(DATA BELOW)
==============================
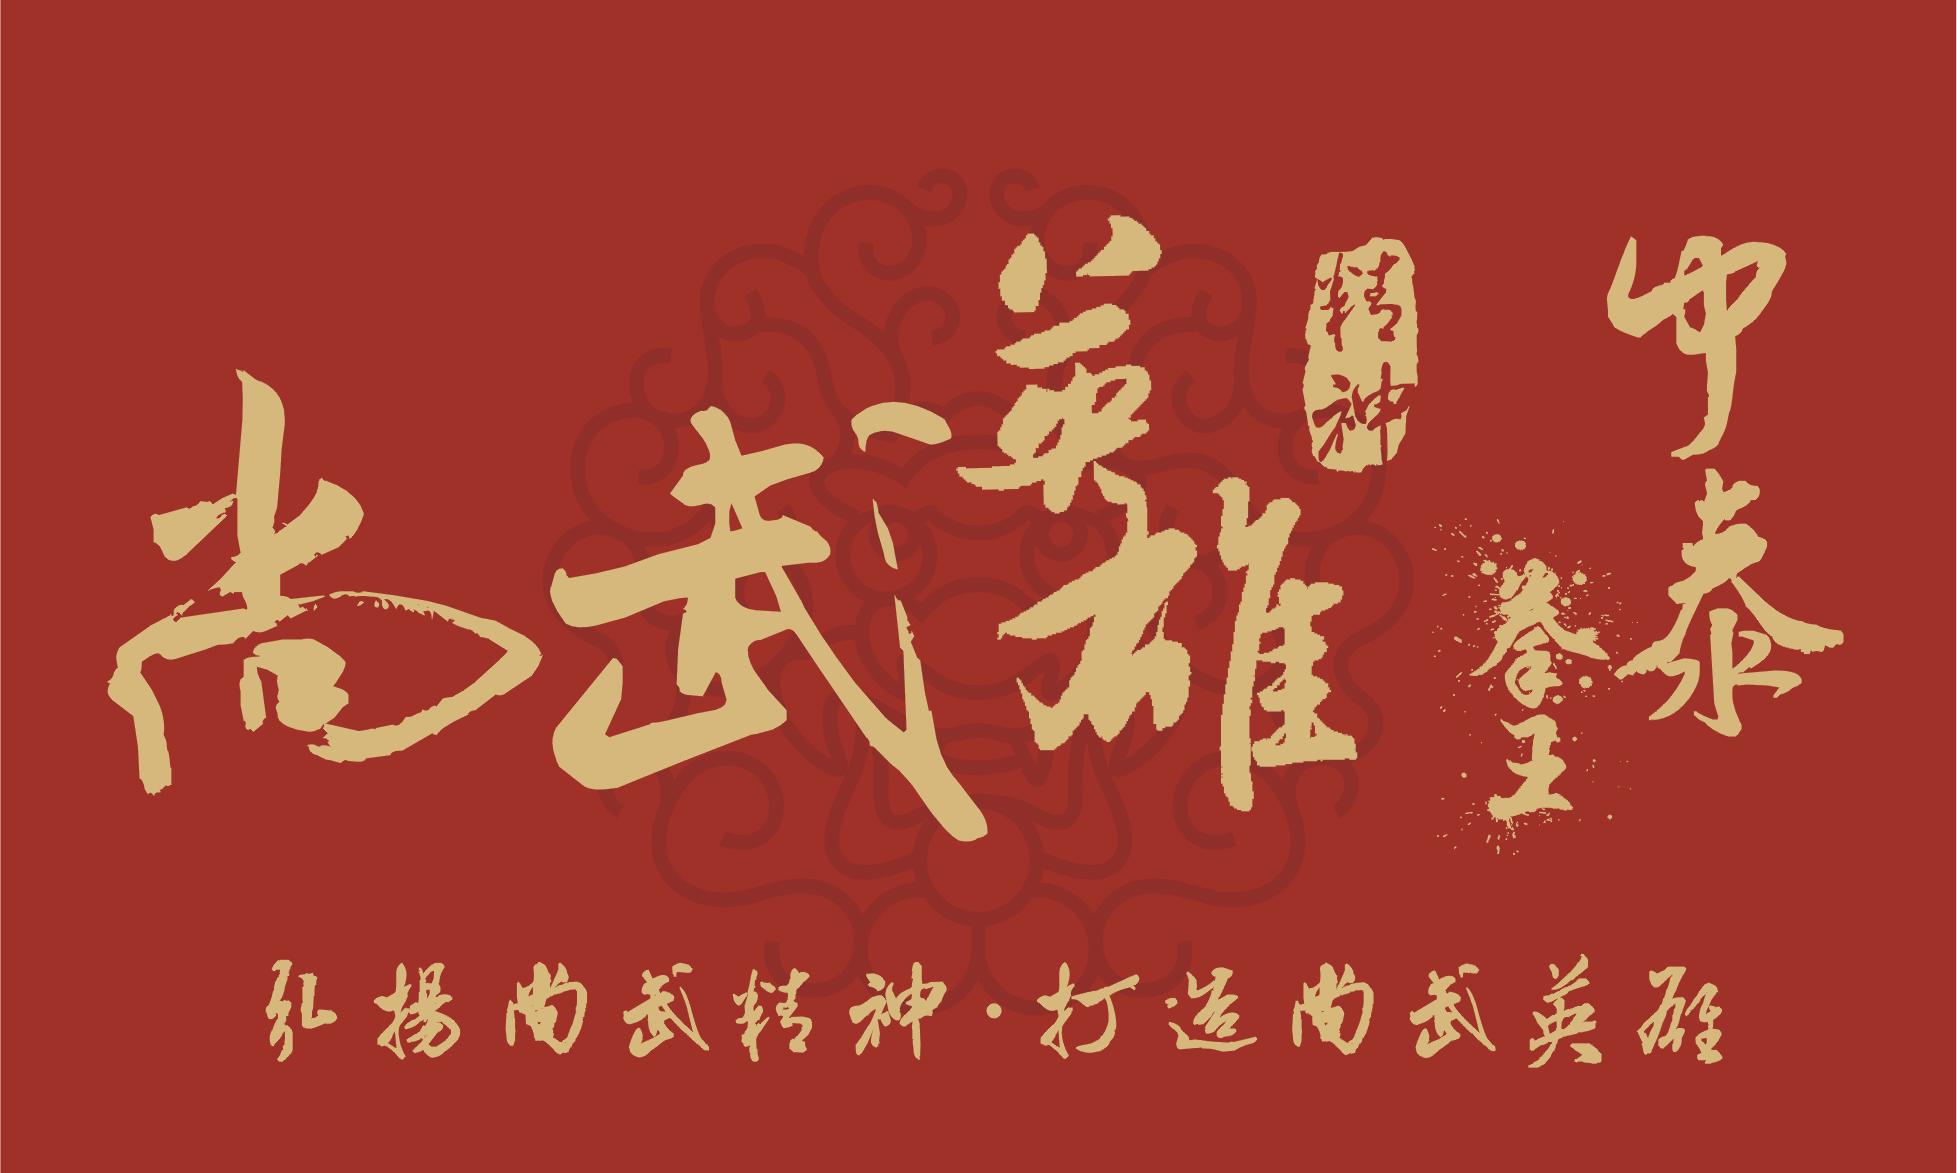 广州站赛事中方出战运动员
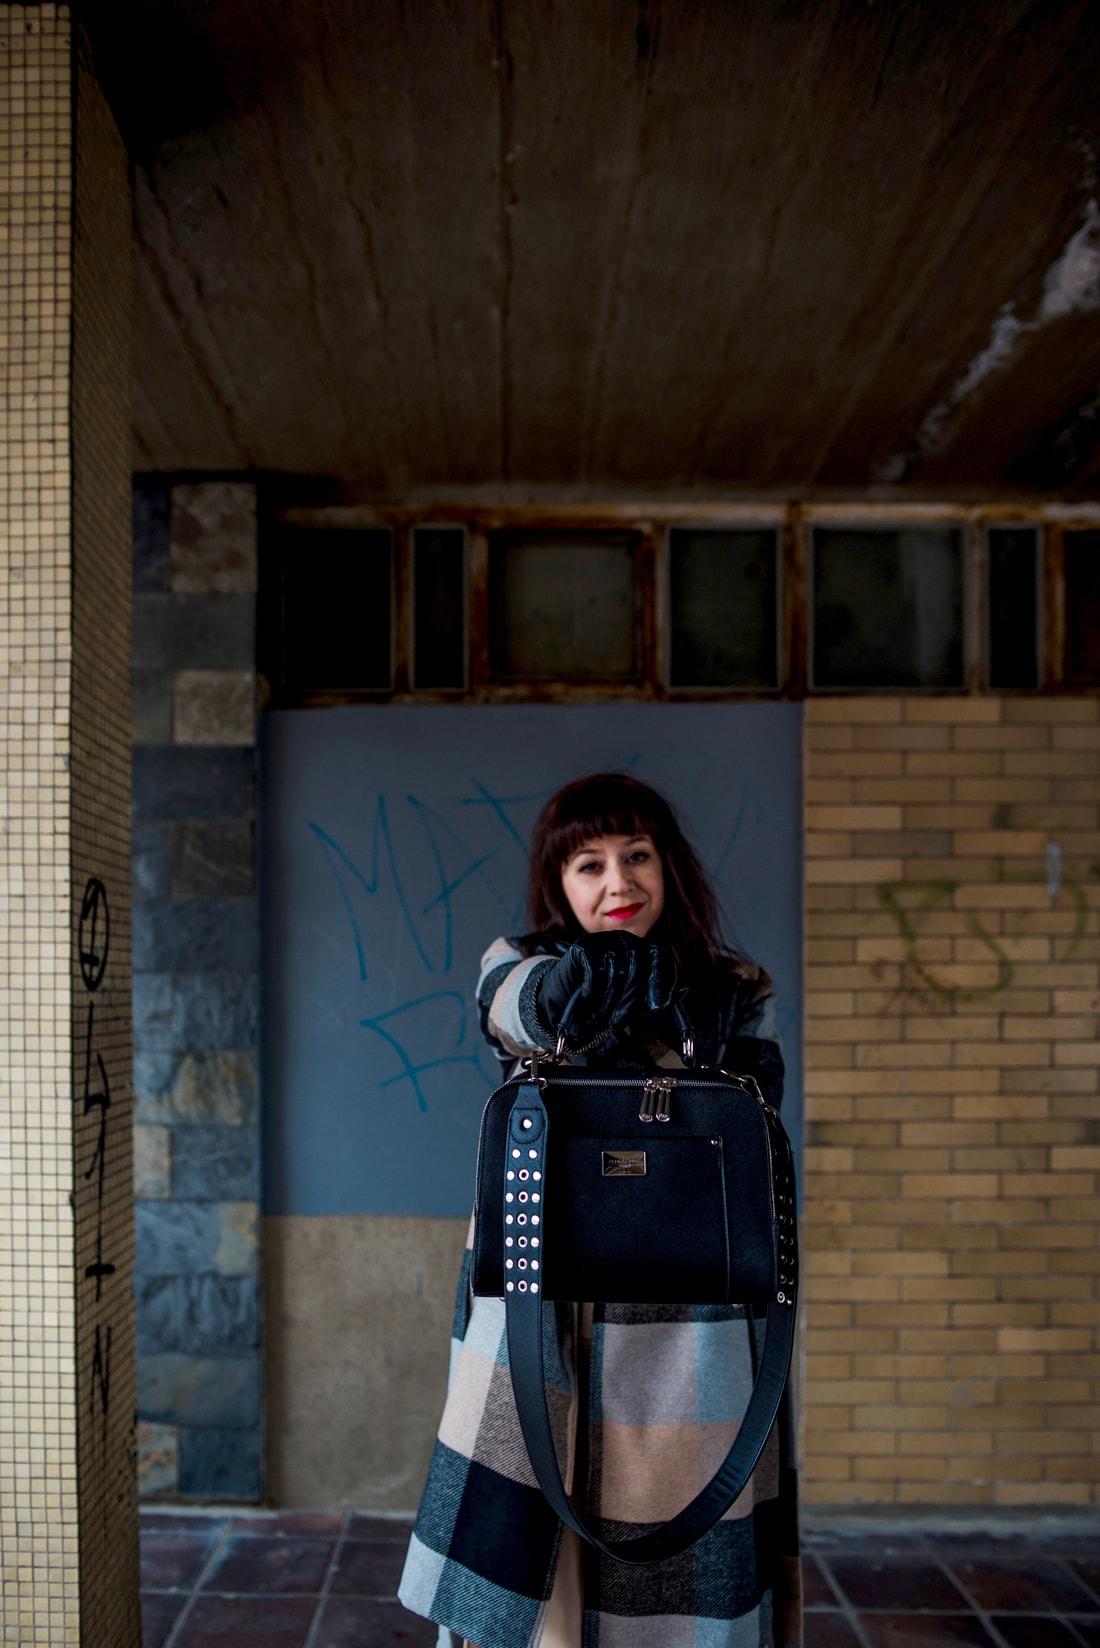 BIZNIS LOOK ALEBO NIKDY NEČAKAJTE VIAC_Katharine-fashion is beautiful_blog 10_Károvaný kabát Bonprix_Béžová sukňa Mango_Katarína Jakubčová_Fashion blogerka
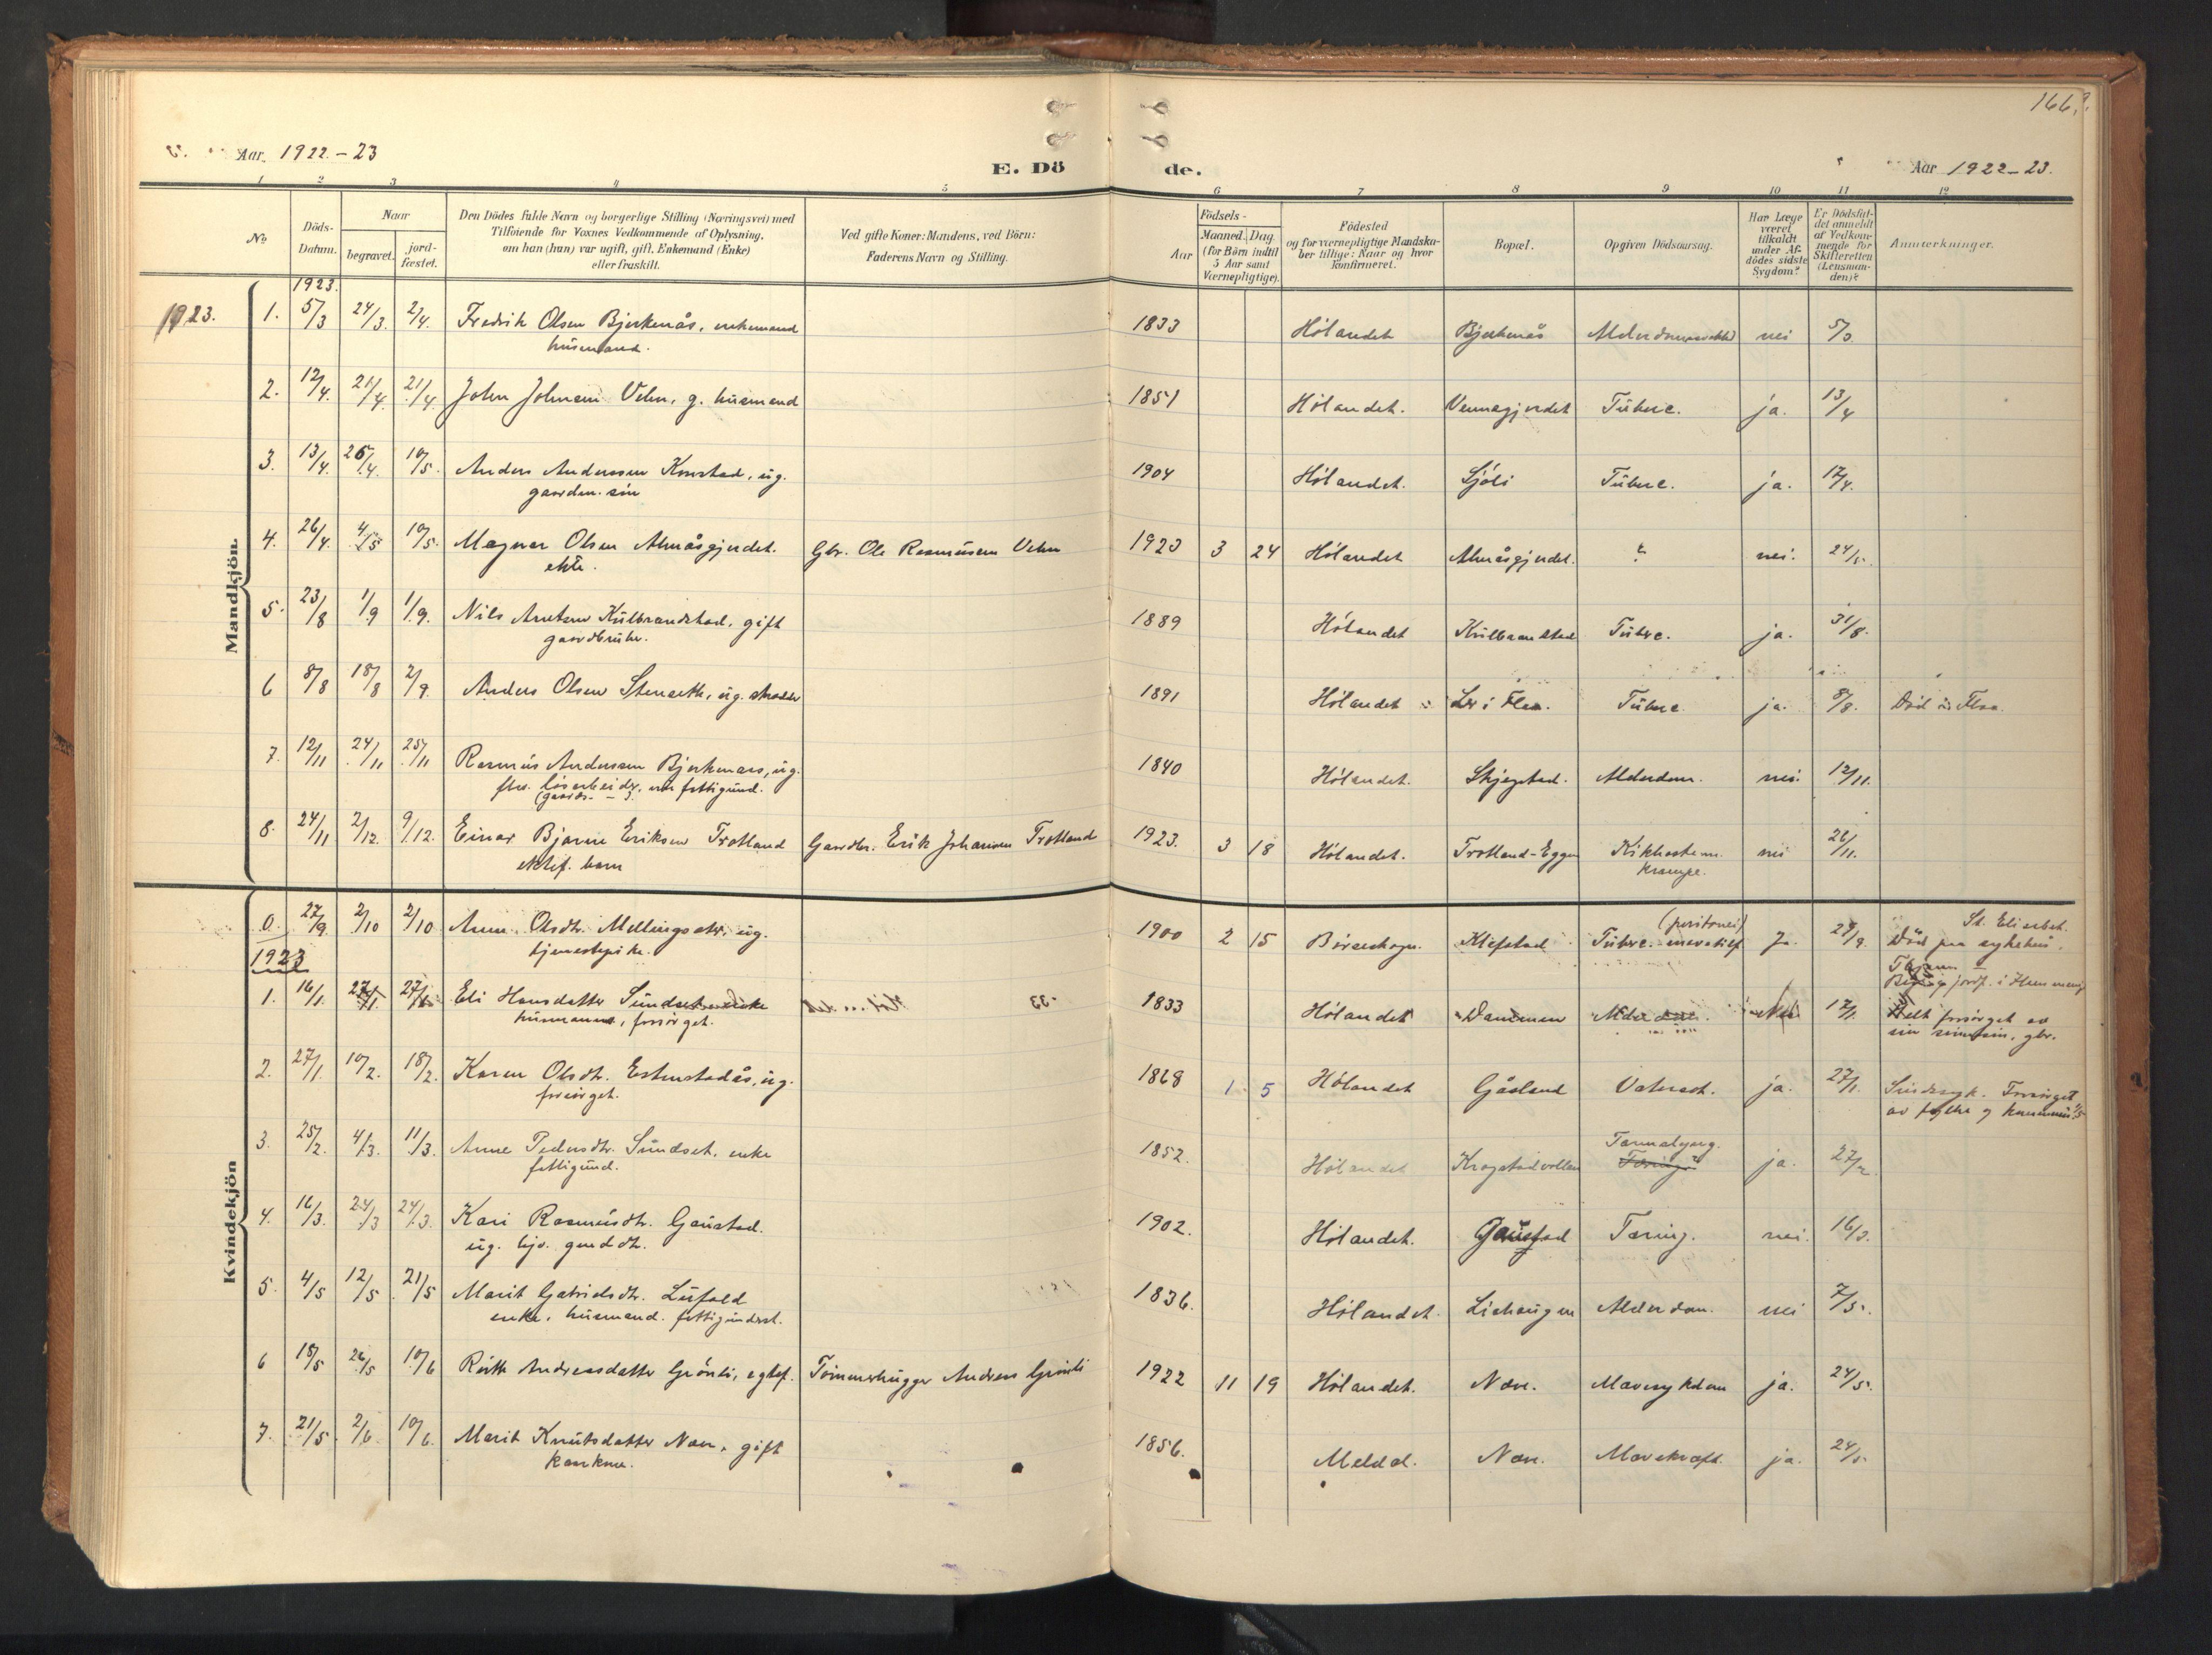 SAT, Ministerialprotokoller, klokkerbøker og fødselsregistre - Sør-Trøndelag, 694/L1128: Ministerialbok nr. 694A02, 1906-1931, s. 166
==============================
(REQUIRED ACTION)
Pictures aside, print every line of the material exactly.

(EXPECTED ANSWER)
 广州站赛事中方出战运动员
 BIZNIS LOOK ALEBO NIKDY NEČAKAJTE VIAC_Katharine-fashion is beautiful_blog 10_Károvaný kabát Bonprix_Béžová sukňa Mango_Katarína Jakubčová_Fashion blogerka
 SAT, Ministerialprotokoller, klokkerbøker og fødselsregistre - Sør-Trøndelag, 694/L1128: Ministerialbok nr. 694A02, 1906-1931, s. 166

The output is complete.